Two things seem obvious to me by now. First, neither of President Obama’s most significant legislative accomplishments, the Affordable Care Act and the Dodd-Frank, are working nearly as well as their proponents hoped. In fact, each is likely to be increasingly bogged down by complex rule making and unintended consequences. Second, neither can be substantially changed without Democratic support. This is partly because Republicans will not control the Presidency and both house of Congress for at least four years. But it is also due to the fact that both address a widely recognized policy problem and contain positive aspects that should be kept. So what can be done to improve them?
The conventional wisdom seems to be that neither bill can be reformed because the Administration will not accept any changes that are not carefully limited in scope and pre-negotiated with the opposition. I believe this is overly pessimistic. Sensible reforms are possible, but only if Republicans and industry are willing to pursue a disciplined strategy that gives the President a reason to accept reform. Although this observation applies to both pieces of legislation, the following discussion focuses on financial reform because that is the issue I know most about and worked personally on.

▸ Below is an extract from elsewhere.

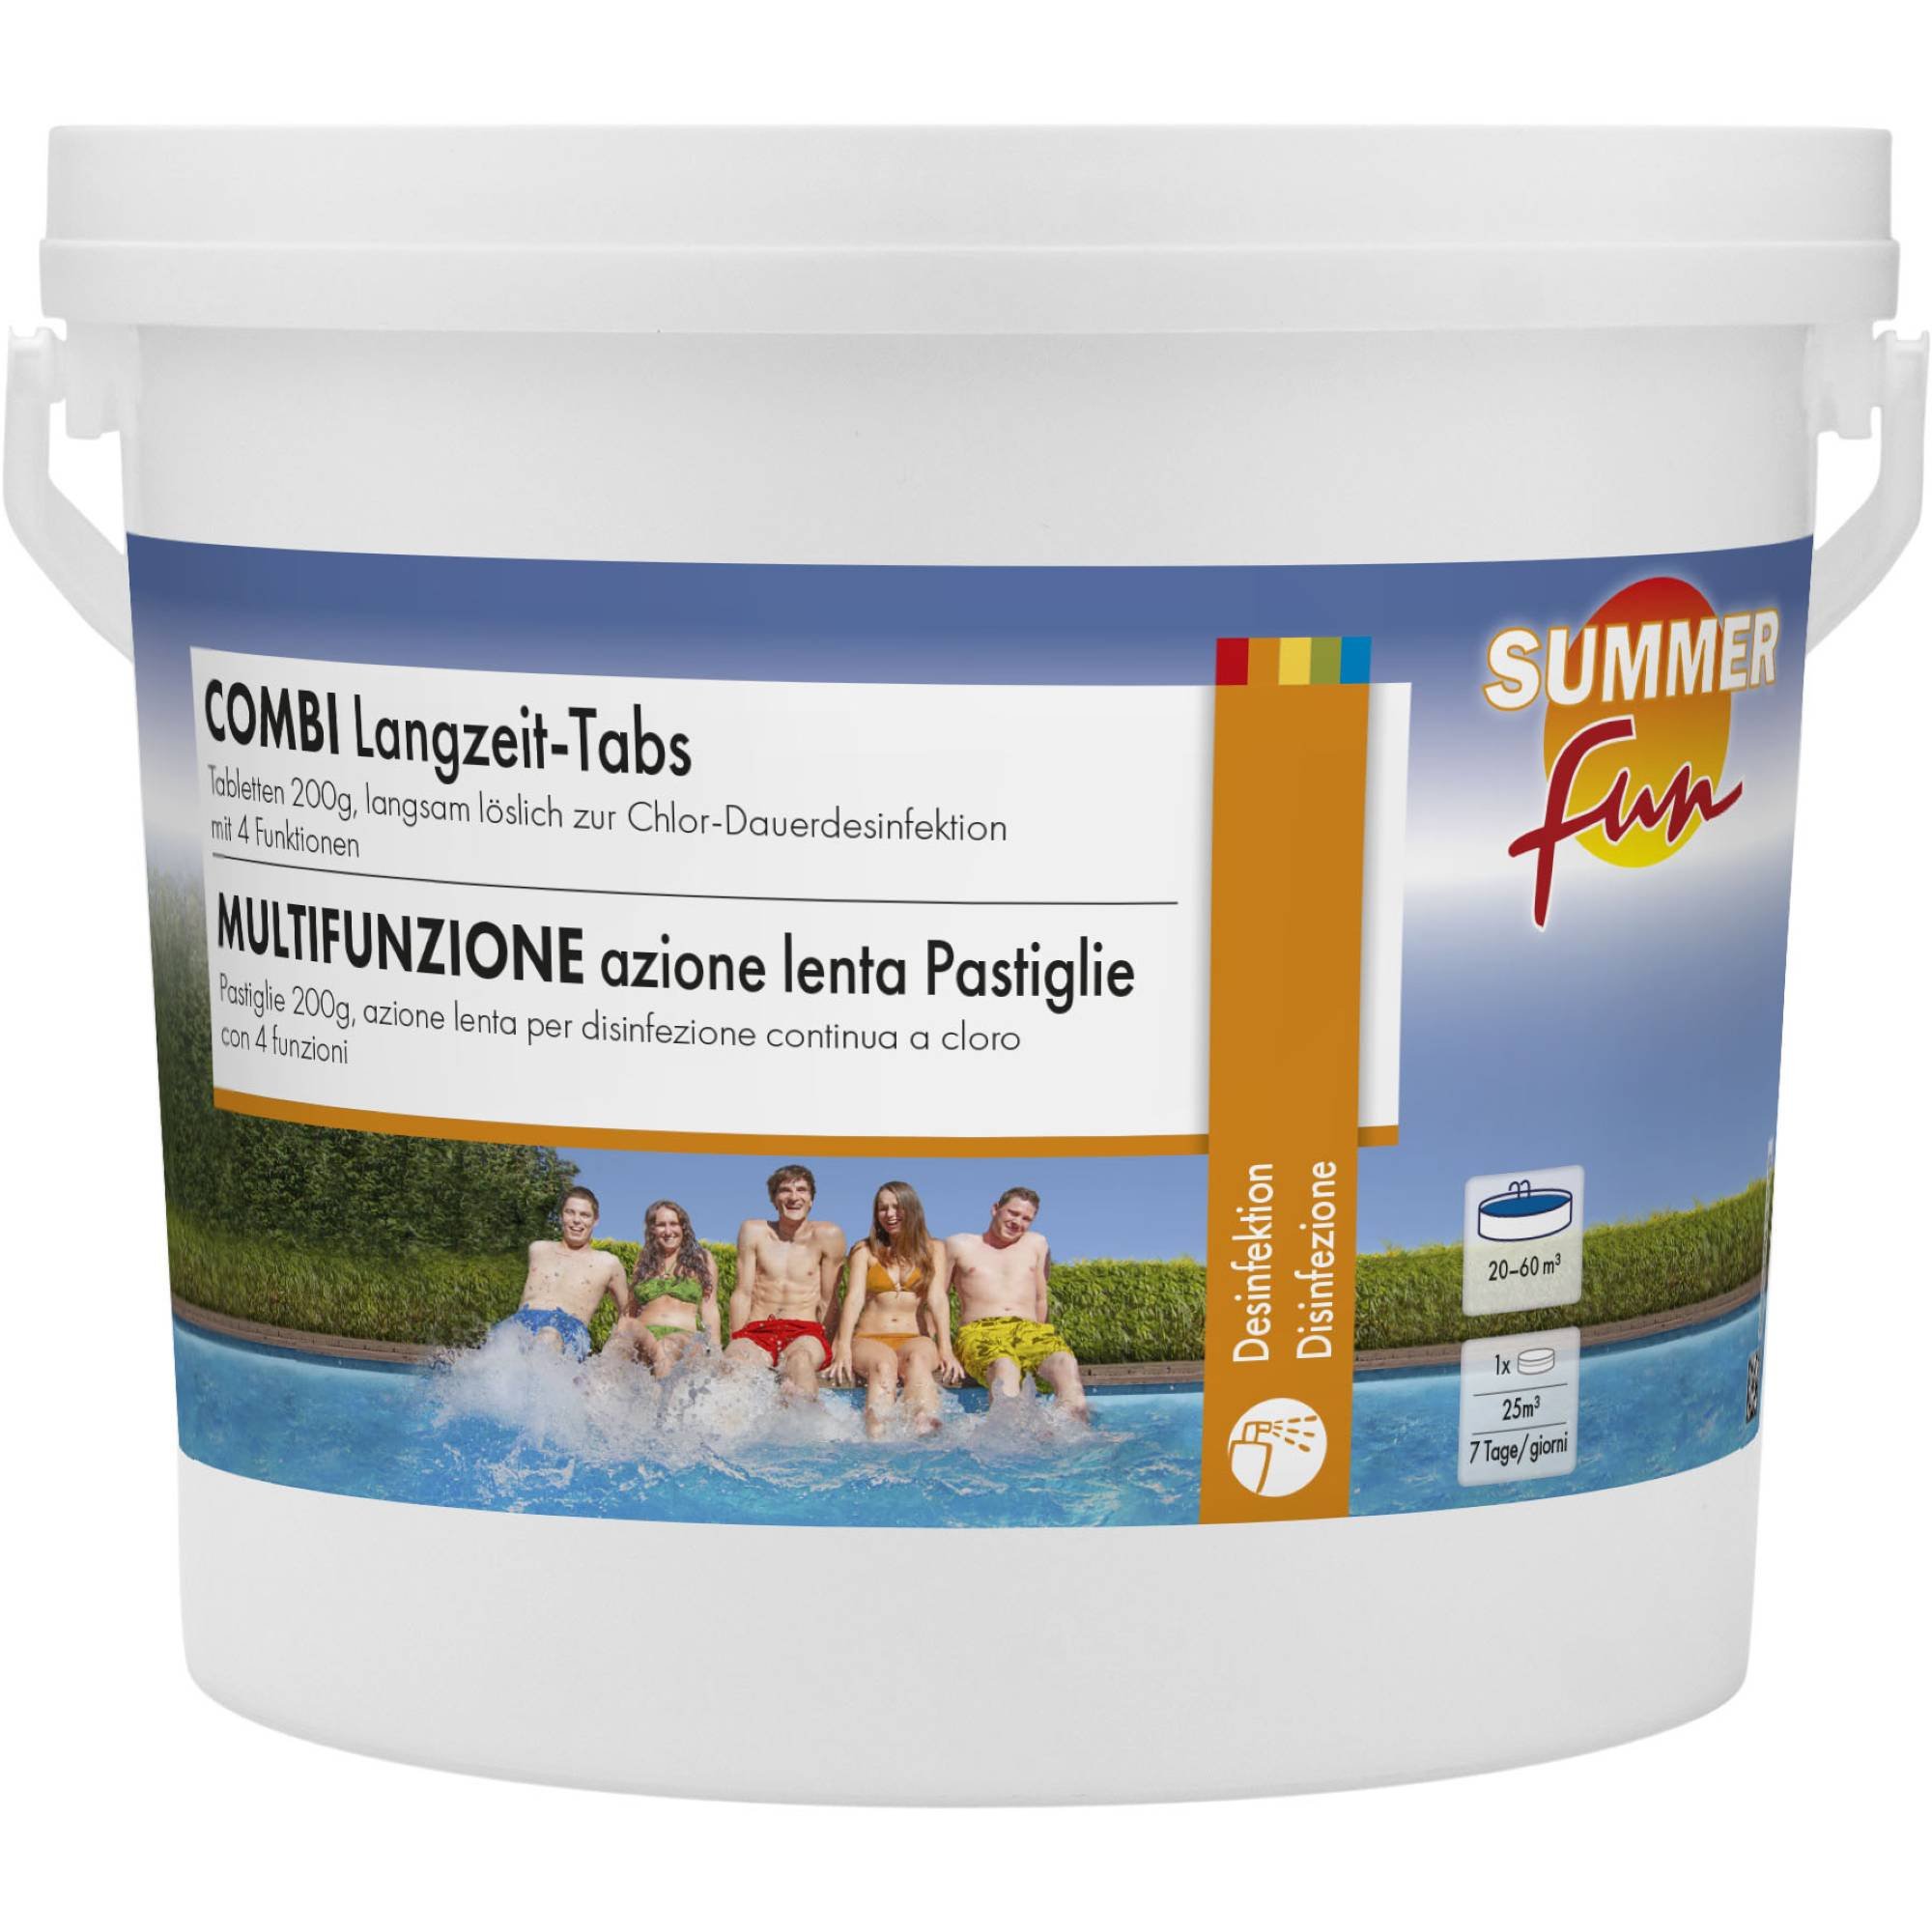 Summer Fun - Combi Langzeit-Tabs - 200g Tabletten, 2,4 kg

The first observation is that, especially in this climate, the opponents of both acts cannot beat something with nothing. As mentioned above, both pieces of legislation addressed what were widely perceived to be serious national policy problems. Rather than put forward legislation that responded to the popular demand for a solution, Republicans and industry by and large opposed all efforts to pass a bill. This is not an unusual strategy for the minority party and successfully stopped legislation on climate change. However, it failed with health care and financial reform. Any effort to substantially change those bills now will have to be proceeded by the development of one or more well-defined partial reforms that truly do a better job of addressing the social problem that the public perceives. Right now such an alternative does not exist.
The second observation is that the Administration must be increasingly aware of the vulnerabilities created by its current unilateral approach. Although health care costs have increased at a slower pace for the last few years, this is not due to the Affordable Care Act and is likely to be temporary. At the same time, there are strong indications that employers and providers are likely to respond to the Act in ways that will upset the public. Insurers are indicating that they will ask for significant price increases, employers are exploring whether to reduce workers hours or raise premiums, some employees will likely have to buy insurance that is too expensive for them, and almost half of the states are opposing implementation in one way or another. In financial reform at least three problems are increasingly obvious: 1) Dodd-Frank did not fix the too-big-to-fail problem and may have made it worse; 2) regulators are struggling with the complexity and market consequences of reigning in such a large and fluid industry; and 3) the legal position of the Consumer Financial Protection Bureau is questionable. On the last item, there is a strong chance that the President’s appointment of Richard Cordray as its director was unconstitutional. If so, it would negate much of the rulemaking that the Bureau has done so far. Even more serious, the Administration cannot be certain that the Bureau itself is constitutional. Its concentration of power in one person and its freedom from appropriations makes it largely immune from control by either Congress or the President.
In this atmosphere, it is possible that a well-articulated and defined reform that better addressed one or more of the most problematical aspects of either bill could obtain the support of voters and some Democratic members. This would put pressure on the administration to at least consider reforms. The Administration might be even more amenable to changes if it was clear that accepting them would place a clear bipartisan stamp on the broader approach and eliminate much of the political and industry opposition to implementation. Control of the House assures Republicans that they can pass legislation through at least one chamber, raising the visibility of their alternatives. For Dodd-Frank two of the most sensible reforms would be the addition of a new chapter dealing with financial institutions to federal bankruptcy law and structural reforms to CFPB to subject it to appropriations and place it under a bipartisan commission rather than a single director. A new bankruptcy chapter should substantially reduce the too-big-to-fail problem by providing an alternative to government takeover of a financial institution. A deal on the CFPB could include the appointment of designated individuals to the commission and affirm all prior regulations issued by it, thus giving the Administration certainty that its work would continue.
The problem is that Republicans have not developed such a firm alternative. A good model for an alternative can be found in the Pew Financial Reform Project which convened at Task Force of bipartisan financial experts to develop a consensus plan for reform. The plan called for many of the key components of financial reform but did so in a way that addressed the legitimate concerns of both sides of the debate. Although the proposal was never translated into legislative language, it remains a possible template for ideas. Without offering the public or the Administration a better alternative that meets its legitimate needs, Republicans and industry will continue to find themselves following rather than leading the debate. Both pieces of legislation may eventually run into more serious obstacles, but even if they do, the public will likely continue to trust Democrats on the issue. For industries struggling to adapt to rapid change and a party in need of revival, that is not a prescription for success.